I love how writing a column, thanks to my readers, can be such an eye-opener. After my column about the propaganda project I did with my fourth-graders, a civil engineer from Lawrenceville responded with a sound rebuttal to how I allowed my kids to feature smokestacks as a source of pollution.
"Very good lessons for your (fourth-graders). Unfortunately, you seem to have also been the victim of propaganda yourself. How do you know that "smokestacks at a dog food plant" are polluting the air? I'll guess the answer is that you don't know at all," he wrote.
OK. I admit I did not consult a chemist to analyze the smoke before my kids made it look bad in their report.
My reader went on to say, "Uninformed environmentalists 'ALWAYS' show smokestacks and point toward pollution whether or not it is actually harmful emissions or not! What you see coming out of various manufacturing plants and power plants is harmless in most cases! I've spent my career as an engineer in which I was involved in the design and operation of power plants, water and wastewater treatment plants, and manufacturing industries. I paid very close attention to avoiding the accidental release of any hazardous substances. In fact most smokestacks in the USA today emit harmless water vapor. Trust me, there are NO hazardous substances in a dog food plant."
This made me think of a conversation I had with a forest ranger some years ago.
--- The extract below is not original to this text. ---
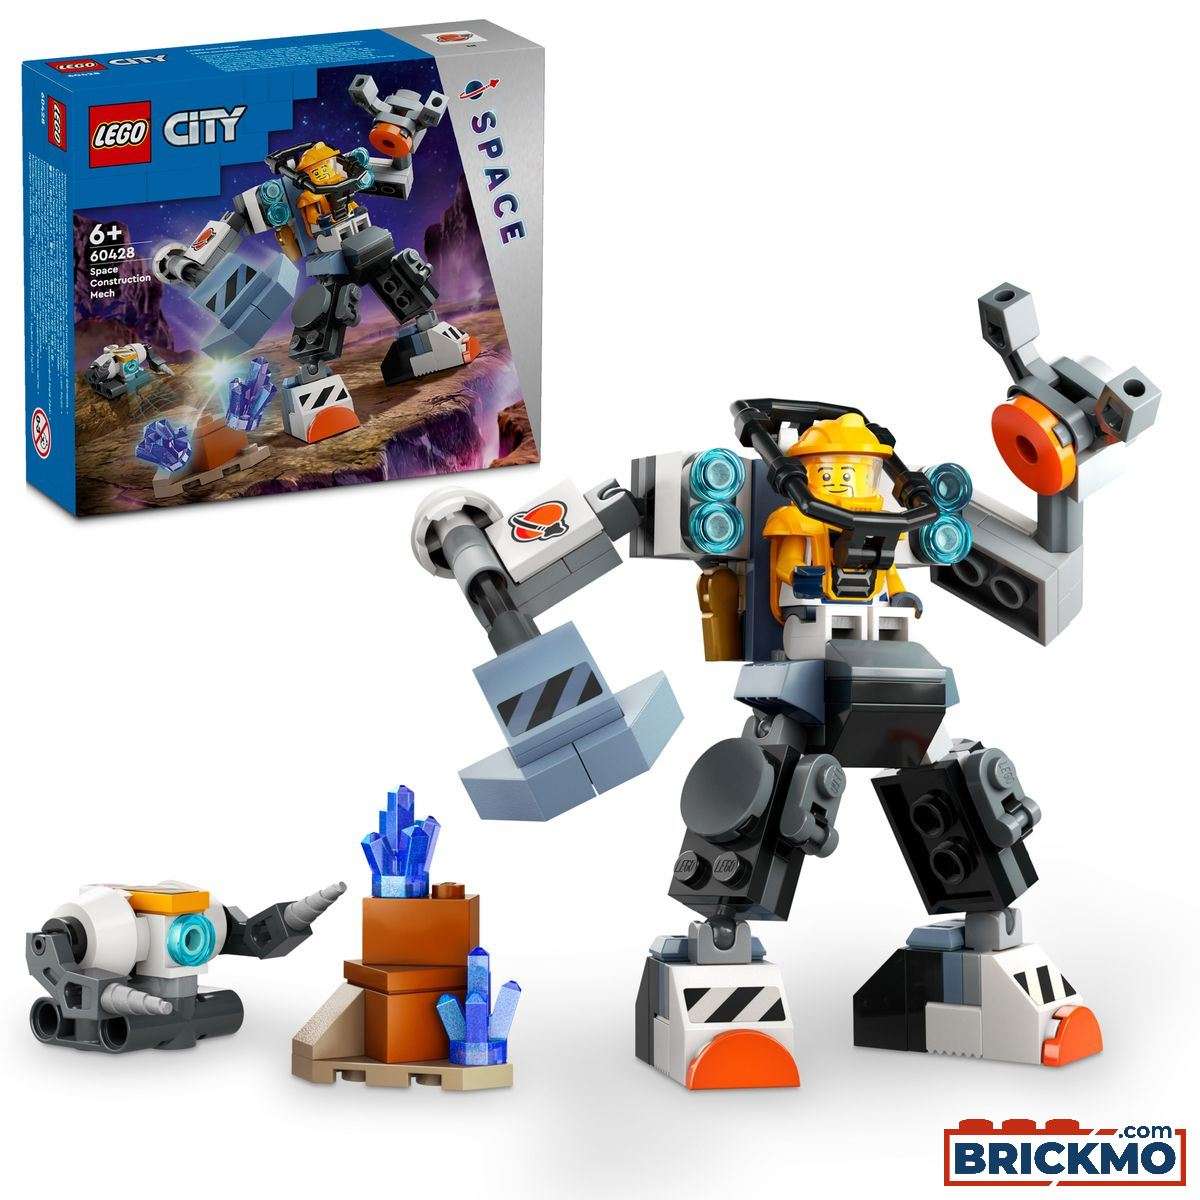 LEGO City 60428 Space Construction Mech 60428

He was telling me about a local conservation project that involved thinning out trees. I wanted to write about it for Earth Day, but he asked me not to.
"If the environmentalists read anything about anybody cutting down a tree anywhere for any reason whatsoever, they'd picket my office as soon as the paper came off the press."
He then told me about a time he spoke to an elementary class. He took slices of trees that he called "tree cookies" to let the kids count the rings and determine how old the trees were.
Without even raising his hand a kid spoke up and said, "You cut down a tree to get those, didn't you? Don't you know you should never cut down a tree?"
The teacher, smiling smugly, nodded in approval, apparently very proud that her student knew that you should never cut down a tree anywhere, for any reason whatsoever, and that her kids were smarter than this poor uninformed forest ranger.
I know on every issue, there's a lot of smoke being blown out there and it's hard to see the forest for the trees. I've been chagrined to spend hours researching and quoting directly off legitimate websites, only to get hate mail about how I "didn't do my homework."
I certainly don't have all the answers, but I thought I'd just give a couple of guys who know more than I do a chance to "air" their views and maybe keep some people from barking up the wrong tree.